Qualifying for Disability Benefits for a Listed Impairment

The quickest (but most difficult) way to qualify for disability benefits is to meet an official SSA description of an illness or impairment.

By , Attorney (UC Davis School of Law)

If you are applying for disability benefits with the Social Security Administration (SSA), you may qualify on the basis of medical evidence alone if you are not working and you have an impairment that is as medically severe as an impairment listed in the SSA's Listing of Impairments (also known as the Blue Book). In other words, you can qualify for disability regardless of your age, education, work experience, or whether your doctor says you have functional limitations (such as not being able to lift objects or walk).

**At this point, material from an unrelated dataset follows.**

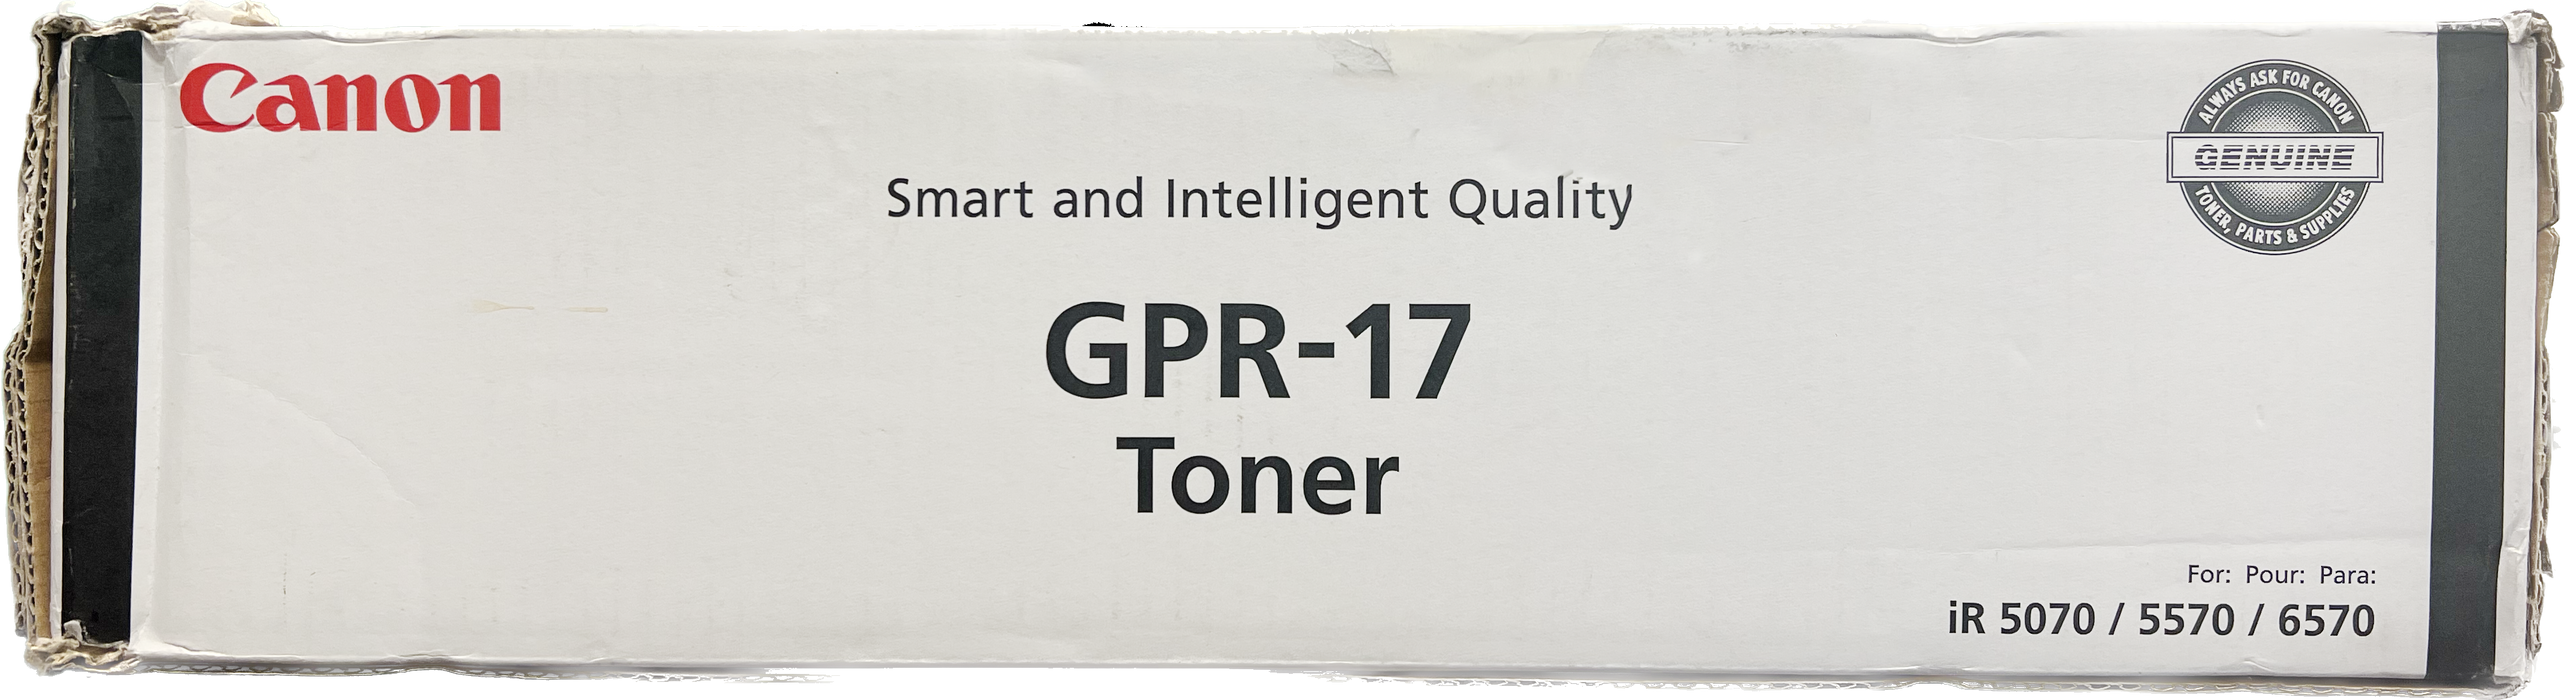 Genuine Canon Black Toner Cartridge | 0279B003 | GPR-17K

For instance, if you have a liver transplant (listing 5.09), the SSA won't look to whether or not you can work; you will simply be approved for disability benefits for one year.

What Is In the Blue Book?

The Blue Book describes, for each major body system, the impairments that are considered severe enough to keep an adult from working (in SSA-speak, from doing any gainful activity). In the case of a child under age 18 applying for Supplemental Security Income (SSI), the Blue Book details the impairments that will be approved for disability benefits because they cause severe functional limitations. The criteria for the impairments for adults and children are set out separately in the Blue Book.

How Long Must Your Impairment Last?

Most of the impairments listed in the Blue Book are permanent (or expected to result in death) unless a listing refers to a specific duration. Otherwise, the medical evidence must indicate that the impairment has lasted or is expected to last for the duration of 12 consecutive months.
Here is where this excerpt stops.